| About this task |
Leave out every picture and set down, exactly, the lines below from the one holding "William Shakespeare (1564-1616), poeta" up to and including the one holding "Jeu intellectuel - échecs.".

| Data for the task |
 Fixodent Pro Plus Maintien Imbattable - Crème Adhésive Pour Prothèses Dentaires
==
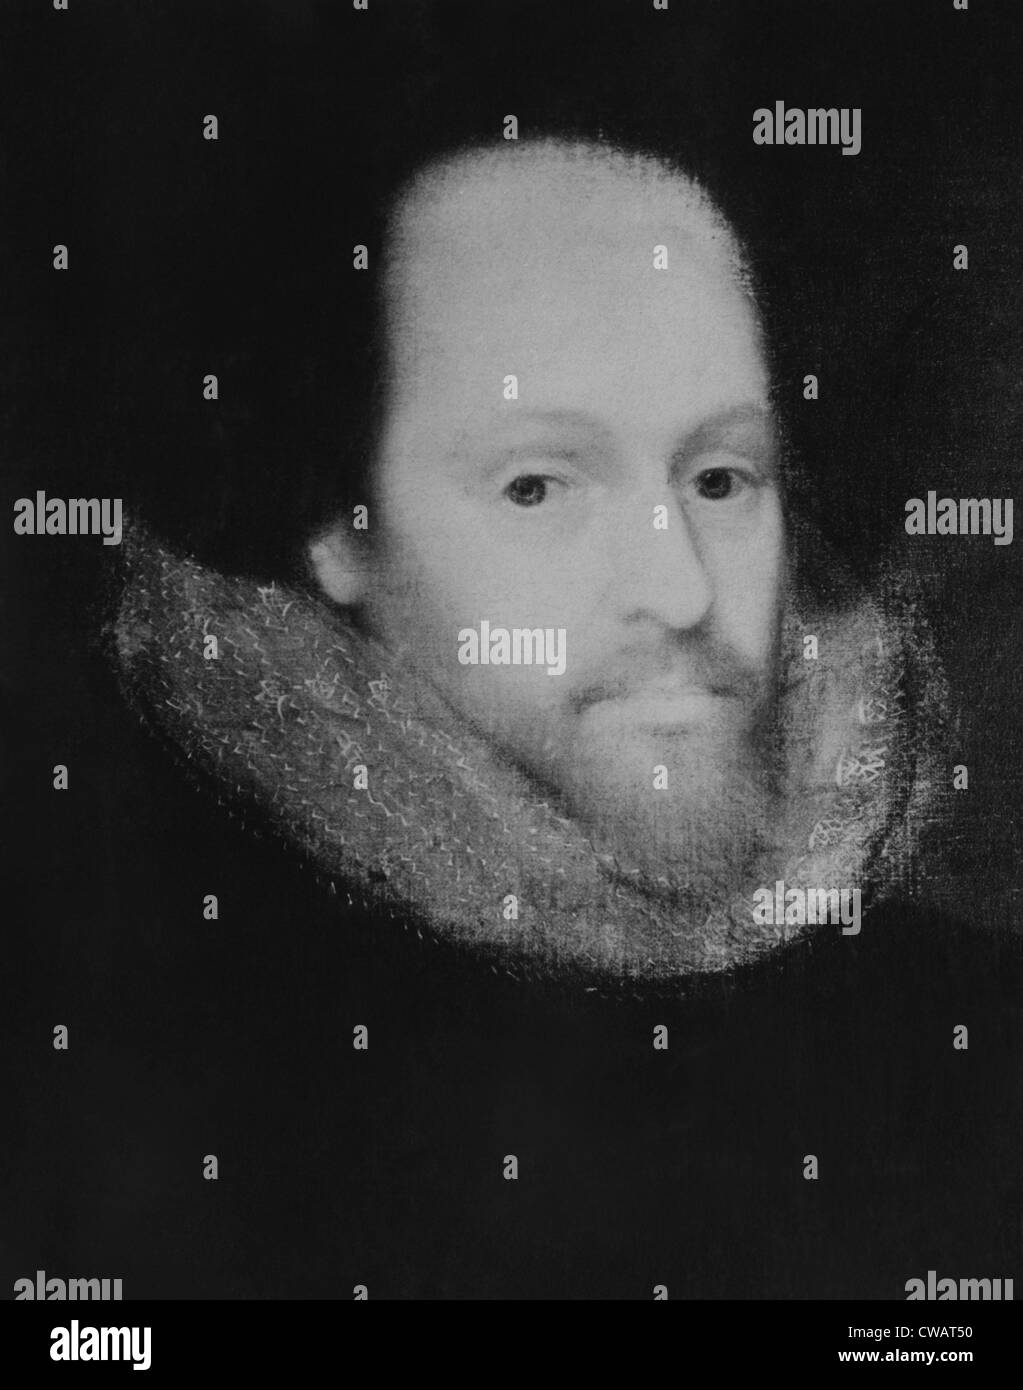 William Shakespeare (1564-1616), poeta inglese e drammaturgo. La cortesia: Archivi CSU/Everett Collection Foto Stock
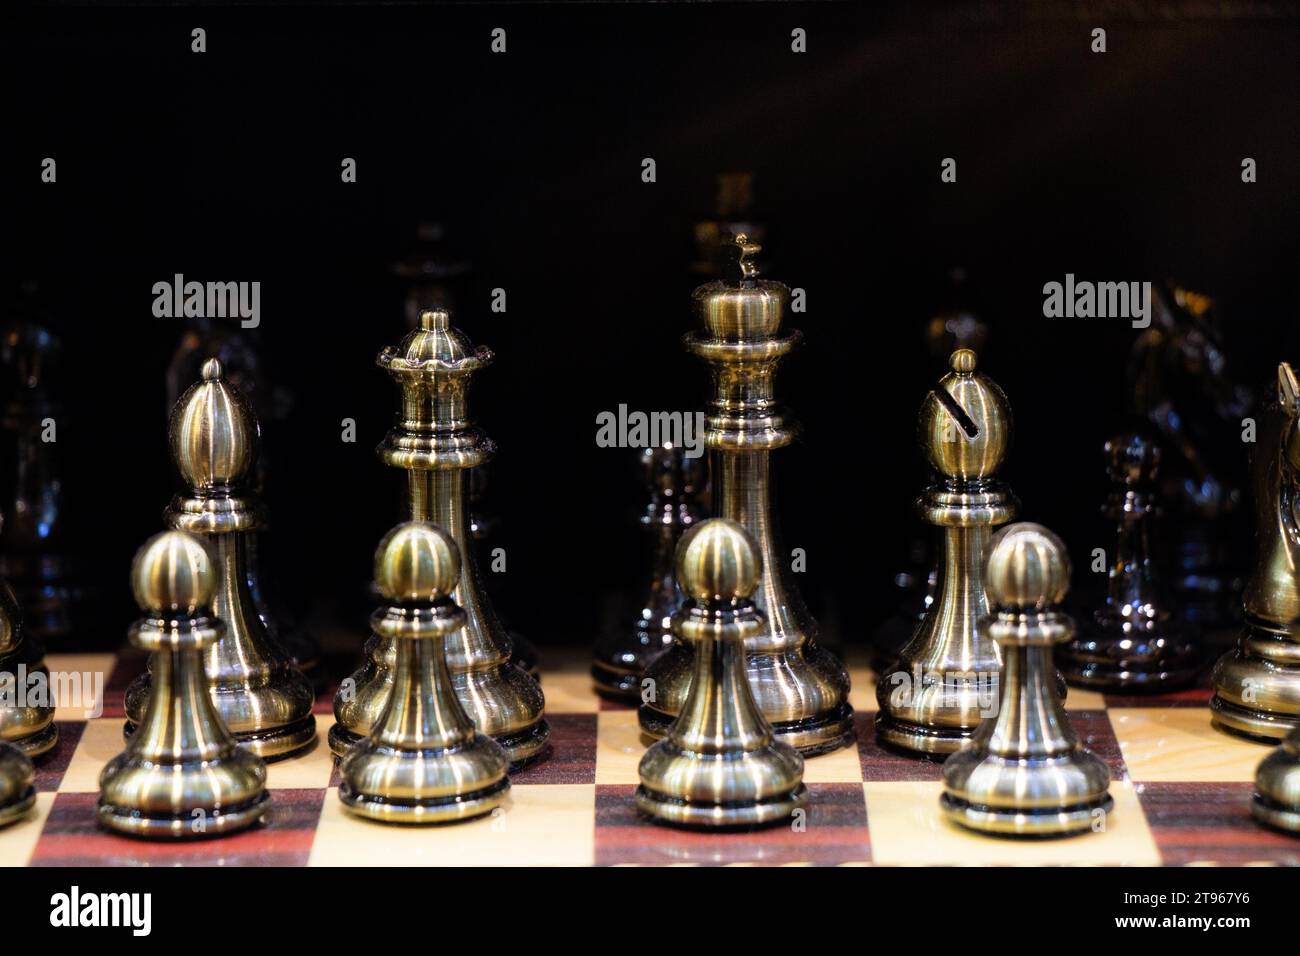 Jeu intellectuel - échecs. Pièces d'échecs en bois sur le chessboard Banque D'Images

| Solution to the exercise |
 William Shakespeare (1564-1616), poeta inglese e drammaturgo. La cortesia: Archivi CSU/Everett Collection Foto Stock
 Jeu intellectuel - échecs. Pièces d'échecs en bois sur le chessboard Banque D'Images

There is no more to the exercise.